The art of war

Artists' ability to portray the human cost of war makes them invaluable, even in the era of 24-hour news, argues Peter Hill

May 19, 2011

The position of "war artist" may sound old-fashioned, but not only does it have a respectable pedigree, it is thriving. Before the camera was invented, war artists would often record heroic scenes of battle, or daily life in the Forces. Later, during the First World War, artists such as Paul Nash exposed the horrors of trench warfare. Henry Moore's sketches of the London Blitz depicted civilians sleeping on London Underground platforms and succeeded both as historic records and aesthetically moving works of art. Some, like Scottish artist Peter Howson, who was sent to Bosnia by the Imperial War Museum and The Times in 1993, were badly traumatised themselves by the horrors they had to record.

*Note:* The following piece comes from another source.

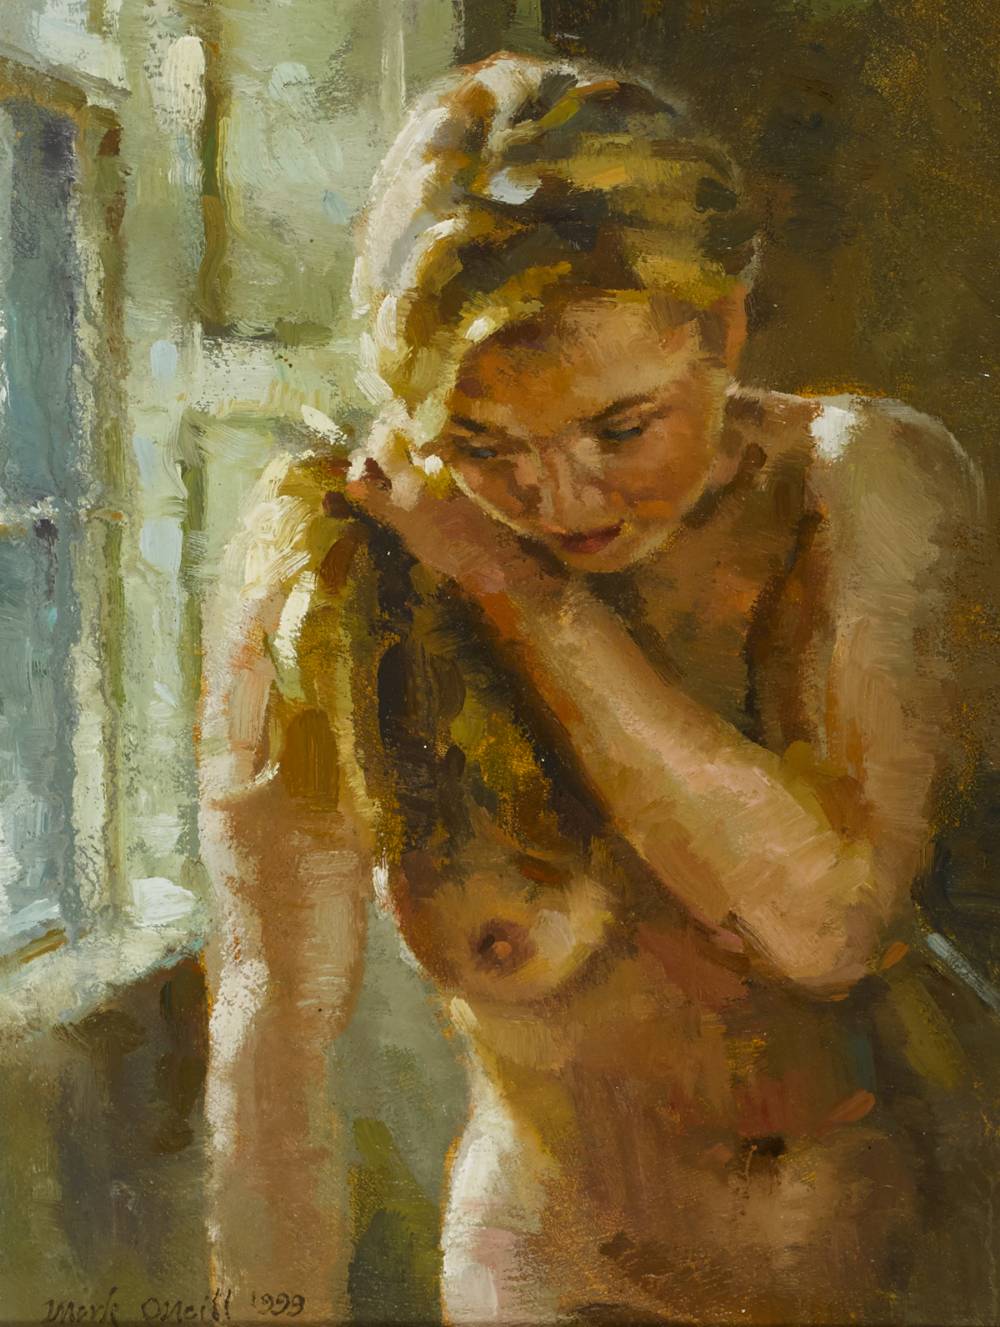 NUDE, 1999 by Mark O'Neill (b.1963) (b.1963) at Whyte's Auctions

Over the years, many countries - including the UK, Australia, Canada, New Zealand, the US, France, Germany, Japan and China - have sent artists into war zones. But why is this still necessary in the 21st century, when we "see" war on a nightly basis on our television screens?

That is precisely the problem. What we see on TV is a highly censored version of what happens in the combat zone. Journalists are embedded with the troops, who to some extent control the material that emerges, and then that material is sanitised again by the editors. The sort of rough reporting that went on in the Second World War, Korea and especially Vietnam no longer occurs.

Artists have filled that crucial gap. And although they too are embedded and confined to base for long periods, they are freer to present the horrors of war to audiences back home - and to use their imaginations to make sure this is done effectively.

Perhaps the greatest piece of anti-war art is Pablo Picasso's Guernica (1937), which demonstrates the horrors of the Spanish Civil War through a terrified horse and a screaming woman. Picasso never experienced these things first-hand; he took us there in his imagination.

In the UK, war artists come under the remit of the Imperial War Museum. In September 2010, it put on display a sculpture by Turner prizewinner Jeremy Deller. Baghdad, 5 March 2007 is simply the remains of a car destroyed in a 2007 truck bomb attack among the bookstalls of Baghdad's Al-Mutanabbi Street.

Deller has spent the past couple of years touring the US with this work. As journalist Jonathan Jones wrote in The Guardian last September: "He makes us see real death. It is the closest he could get, within the parameters of public display, to laying out the bodies of Iraq's killed on the floor of the gallery...It is a simple enough thought: if the bomb did this to metal, what did it do to flesh?"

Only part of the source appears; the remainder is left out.